Scientists successfully transplant lab-grown lungs into pigs
The procedure brings scientists closer to one day providing bioengineered lungs for humans
For the first time, researchers have created lungs in the lab and successfully transplanted them into pigs.
These bioengineered lungs, described online August 1 in Science Translational Medicine, developed healthy blood vessels that allowed pigs to live for several weeks after surgery. That’s a significant improvement from previous efforts: Lab-grown lungs implanted in rodents failed within hours, before the lungs could develop the complex blood vessel network necessary for long-term survival.
If the new procedure can be adapted for humans, with bioengineered lungs grown from a patient’s own cells, that could reduce the risk of organ rejection and slash wait times for organ transplants. In the United States, where about 1,500 people currently are on a waiting list for a lung transplant, the average wait is a few months.
“This study really brings the whole research field to the next level,” says Xi “Charlie” Ren, a biomedical engineer at Carnegie Mellon University in Pittsburgh not involved in the work.
For the study, immunologist Joan Nichols at the University of Texas Medical Branch at Galveston and colleagues built lungs for four pigs by first using a sugar and detergent mixture to strip the cells from lungs of donor pigs. That left sterilized, pearly white, lung-shaped scaffolds made of the intercellular proteins. (In humans, researchers envision using donated organs or 3-D printing made-to-fit lung scaffolding.) The researchers then repopulated each scaffold with blood vessel and lung tissue cells from the pig destined to receive that organ.
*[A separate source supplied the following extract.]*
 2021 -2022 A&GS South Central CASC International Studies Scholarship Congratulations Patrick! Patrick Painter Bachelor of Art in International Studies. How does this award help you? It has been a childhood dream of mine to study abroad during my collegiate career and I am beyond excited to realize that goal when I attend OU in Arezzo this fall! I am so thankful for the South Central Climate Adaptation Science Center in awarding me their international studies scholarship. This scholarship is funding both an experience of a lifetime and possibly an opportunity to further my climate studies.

Each engineered lung grew for 30 days inside a bioreactor tank, pumped full of nutrient cocktails that helped cells stick to the scaffold and multiply in the right spots. The researchers then replaced the left lung of each pig with the bioengineered version.
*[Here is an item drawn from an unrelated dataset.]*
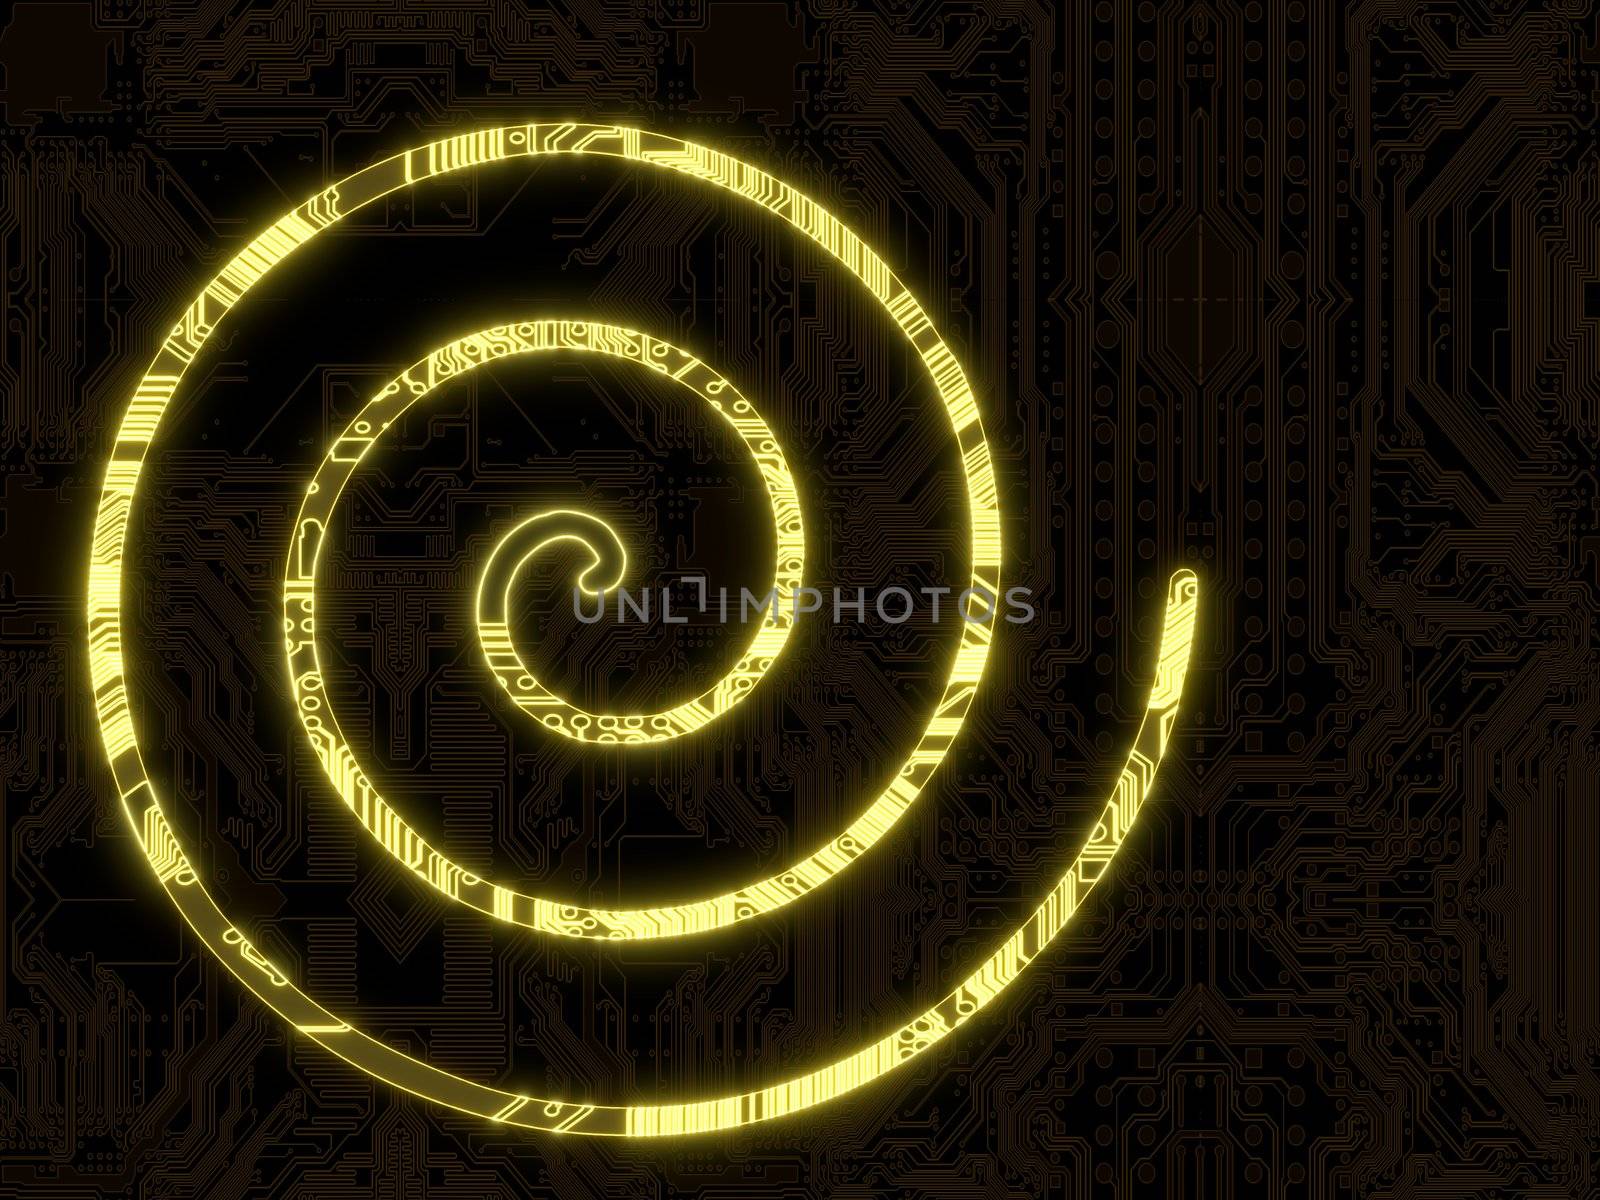 Glowing electronic helix symbol on a computer chip by onirb

After surgery, Nichols’ team allowed one pig to survive for 10 hours, another for two weeks, a third for a month and the fourth for two months. At each pig’s demise, the researchers did an autopsy on the animal to see how the new lungs integrated into the pigs’ bodies over time. None of the animals was given immunosuppressant drugs, and none of the transplants was rejected. Inside a pig’s body, the bioengineered lung’s blood vessels plugged into to the animal’s natural circulatory system, supplying the organ with oxygen and nutrients to survive.
The animals’ post-op recovery was “pretty amazing,” Ren says. The pig that lived two months after surgery didn’t experience any breathing problems, and its lung transplant was colonized by bacteria that inhabit normal pig lungs — signs that the tissue was developing normally and integrating well into the body.
But these lab-grown lungs aren’t quite ready for prime time, says Laura Niklason, a biomedical engineer at Yale University not involved in the work. While the bioengineered lungs linked up with the pigs’ circulatory systems, the organs weren’t connected with the animals’ pulmonary arteries — which carry low-oxygen blood for the lungs to replenish with oxygen from air breathed in. That left the pigs to rely on their natural right lungs for air after surgery.
“The next step is hooking the organ up to the pulmonary artery” to ensure that bioengineered lungs get oxygen into the blood as well as normal lungs, Niklason says.
Editor’s note: This story was updated August 22, 2018, to correct how the pigs fared post-transplant; they showed no signs of rejecting the lungs.